Further we might speculate that the problems is due to the austenitic structure of the compound steel (the diffusion or absorption of carbon is much faster and comprehensive into the austenitic steel than into ferritic). Thus a lot of carbides are segregated to the grain boundaries and form a net around the crystal. Further we ought to avoid nickel, which makes the structure austenitic and which is also sensitive to sulphur.
The danger occurs when the temperature is lowered and the s.s. part of compound is due to tensile stress and the carbide nets will not hold but crack the material. The carburizing conditions will produce and segregate carbide nets around the crystals and cause the cracks together with the sulphides and the tensile stress.
The recommendation is to give up from 18 % Cr, 10 % Ni low carbon compound tube and to replace the tube by either ferritic low carbon 30 % Cr-lining above c.s. tubing or 30 % Cr-compound tube at the bottom part of the boiler (Cr> 30 %, fire resistant, S-resistant, with Al and Si components or Mo).

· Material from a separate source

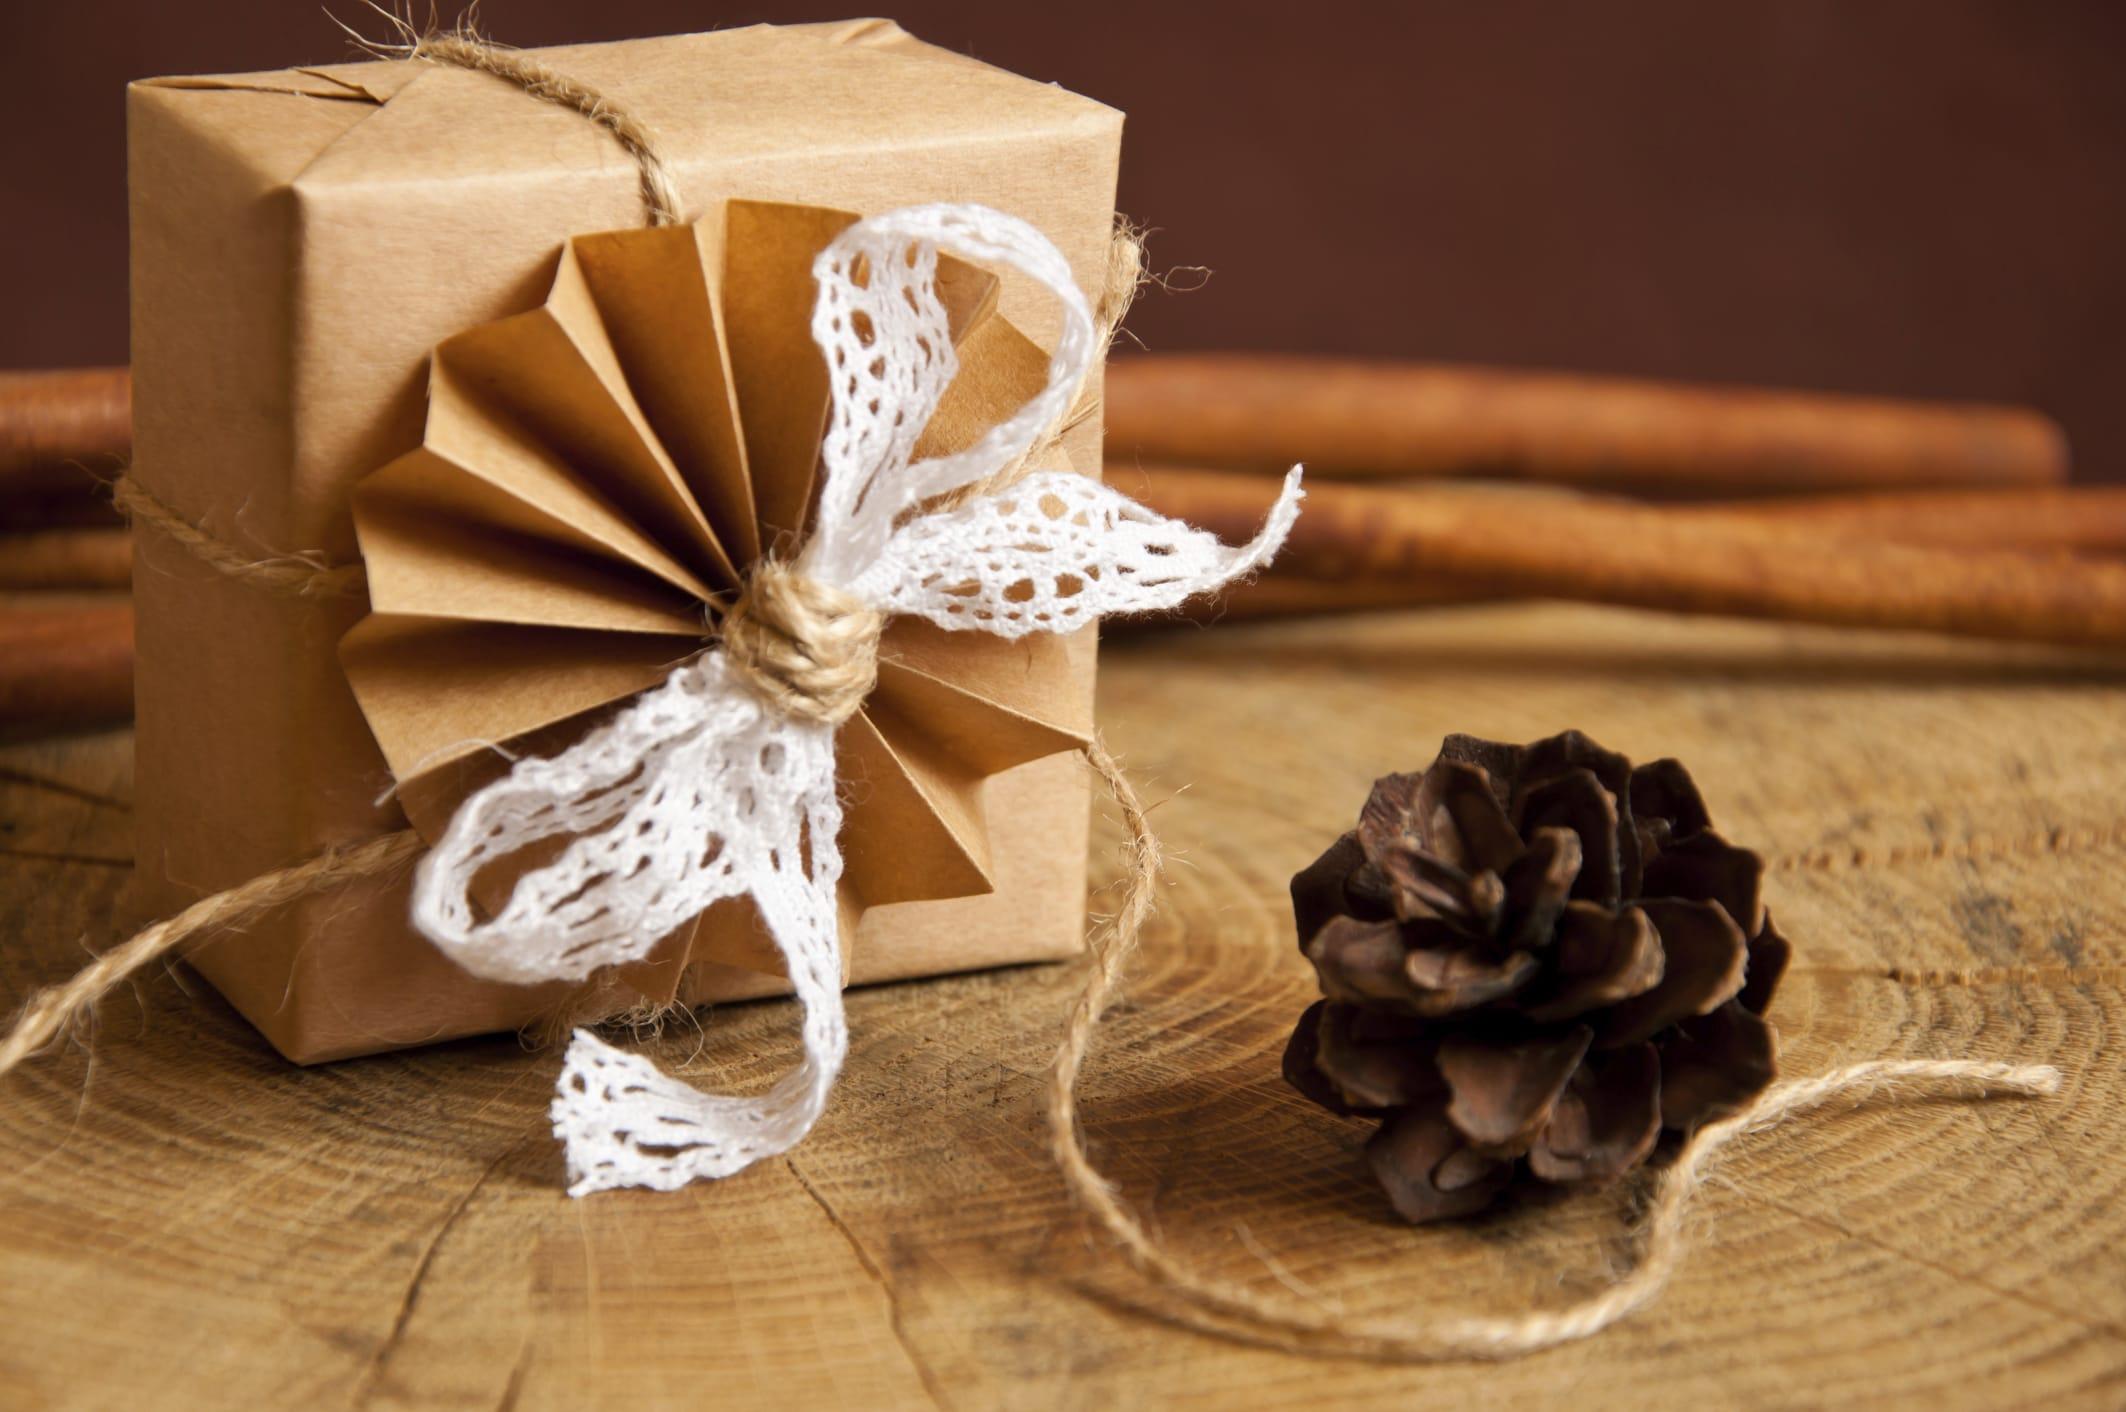 abbastanza Carta regalo fai da te | Foto - Non sprecare TN21

The Cr-lining could also be alloyed by small amounts of titanium, molybdenium or wolfram to compensate the harmful effect of chromium to the carbon content in the alloy’s ferritic crystal. However the existence of such commercially available compound tubes is not likely. The sheet might be available. The other possibility is to abandon the compound tubing and apply masonry above c.s. tubing to give thermal and chemical shield.
The recommendations made above still leave questions to be answered. There exists even in the 30% Cr alloy possible problems. To mention but a few there are the so called 475o C and the sigma brittlenesses. The Cr content could be in the range of 14 to 30 %. The lower content requires low carbon content, the latter up allows up to 0.25 % C. But the danger still lurks for carburizing and carbides.
Masonry has also pros and cons. The fire resistance is probably no problem, but the chemical properties of different kinds of mortar are not known to the author. The clear disadvantages are the on the site manufacturing process and the additional weight. Further one’s mind is occupied by the fact that there has not been found corrosive or other defects on the boiler walls, especially those related to sulphur gases. However, the unsuccessful trial with black liquor might prove the “carburizing” defect to be the main cause of the defects, because black liquor contains even more carbon than green liquor.
The author is a Management Consultant holding the degree of Master of Engineering. Since my knowledge of structural metallurgy is almost 40 years of age the reader should understand that I am in fact a layman. The metallurgy is a very complicated science and all the resulting recommendation should of course be verified by actual tests before installation. However, with the “Sabotage Model” applied and the refresh of elementary metal physics in only a few days resulting maybe new ideas, might be enough to prove the power of the TRIZ.